Standard NLP metrics like chrF and CER operate on Unicode characters. For Indic scripts like Tamil and Sinhala, this leads to inflated or misleading scores because:

  1. A single visual character may be 2–4 Unicode code points
  2. ZWJ sequences are split artificially
  3. Conjuncts are counted as multiple "characters"

graphemes++ solves this by operating at the grapheme cluster level.

GraphemeCHRF

chrF (Character F-score)

chrF measures n-gram overlap between hypothesis and reference at the character level.

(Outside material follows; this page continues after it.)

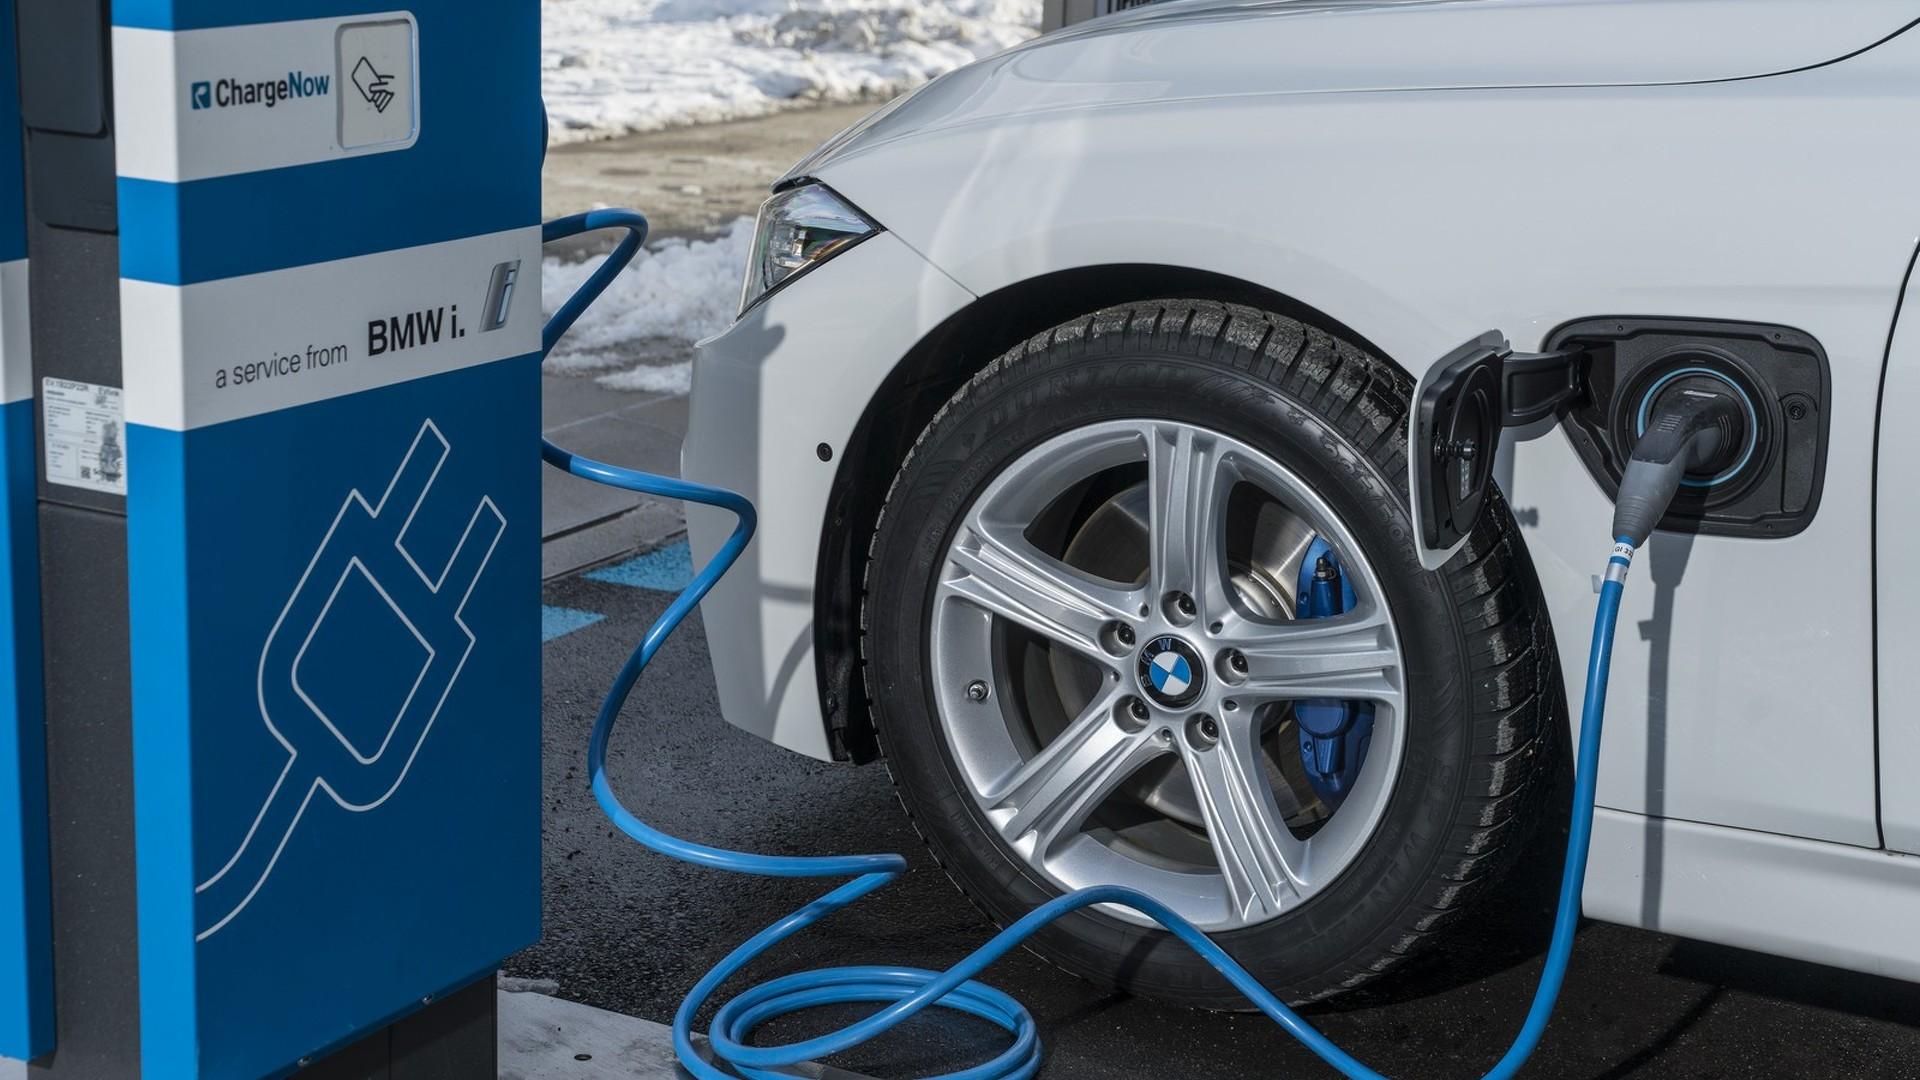 Photo of Πως βλέπει την ηλεκτροκίνηση η BMW;

GraphemeCHRF does this at the grapheme level.

from graphemes_plusplus.metric import GraphemeCHRF

chrf = GraphemeCHRF()

# Corpus-level scoring
score = chrf.corpus_score(
    ["வணக்கம் உலகம்"],           # hypotheses
    [["வணக்கம் உலகம்"]]          # references
)
print(f"chrF: {score.score:.2f}")  # 100.00

chrF++ (with word n-grams)

chrF++ extends chrF by including word-level n-grams, which captures word order information:

chrf_pp = GraphemeCHRF(word_order=2)

# Word order differences are penalized
ref = ["இன்று வானிலை மிகவும் அழகாக இருக்கிறது"]
hyp = ["இருக்கிறது அழகாக மிகவும் வானிலை இன்று"]

score_chrf = GraphemeCHRF().corpus_score(hyp, [ref])
score_chrfpp = chrf_pp.corpus_score(hyp, [ref])

print(f"chrF:  {score_chrf.score:.2f}")   # Grapheme overlap only
print(f"chrF++: {score_chrfpp.score:.2f}") # + word order penalty

Multi-Reference Evaluation

GraphemeCHRF supports multiple references (takes the best match):

chrf = GraphemeCHRF()
score = chrf.corpus_score(
    ["வணக்கம்"],
    [["வணக்கம்", "நமஸ்காரம்"]]  # two valid references
)

CER (Character Error Rate)

CER measures the grapheme-level edit distance normalized by reference length:

from graphemes_plusplus.metric import CER

# Perfect match
print(CER("வணக்கம்", "வணக்கம்"))  # 0.0

# Complete mismatch
print(CER("", "வணக்கம்"))         # 1.0

# Partial match
cer = CER("வணக்கம", "வணக்கம்")
print(f"CER: {cer:.4f}")

CER Formula

$$ \text{CER} = \frac{\text{Levenshtein}(\text{hypothesis}, \text{reference})}{|\text{reference graphemes}|} $$

Choosing the Right Metric

Metric Best For Pros Cons
chrF Translation quality No tokenization needed, correlates well with human judgment Ignores word order
chrF++ Translation quality Captures word order via word n-grams Slightly more complex
CER OCR, ASR Simple, intuitive interpretation Doesn't capture reordering
Levenshtein String similarity Raw edit distance Not normalized
Hamming Fixed-length comparison Fast Requires equal length

Practical Workflow

graph TD
    A["Raw Predictions"] --> B["Graphemizer"]
    C["Ground Truth"] --> D["Graphemizer"]
    B --> E["Grapheme Lists"]
    D --> F["Grapheme Lists"]
    E --> G{"Choose Metric"}
    F --> G
    G --> H["GraphemeCHRF"]
    G --> I["CER"]
    G --> J["Levenshtein / Hamming"]

    style A fill:#7c4dff,color:#fff
    style C fill:#7c4dff,color:#fff
    style H fill:#00bfa5,color:#fff
    style I fill:#00bfa5,color:#fff
    style J fill:#00bfa5,color:#fff

For machine translation Use chrF++ (word_order=2) for the best correlation with human judgment on Tamil and Sinhala translation tasks.

For OCR and ASR Use CER for character-level accuracy measurement. It gives a single number between 0 (perfect) and potentially > 1 (very poor).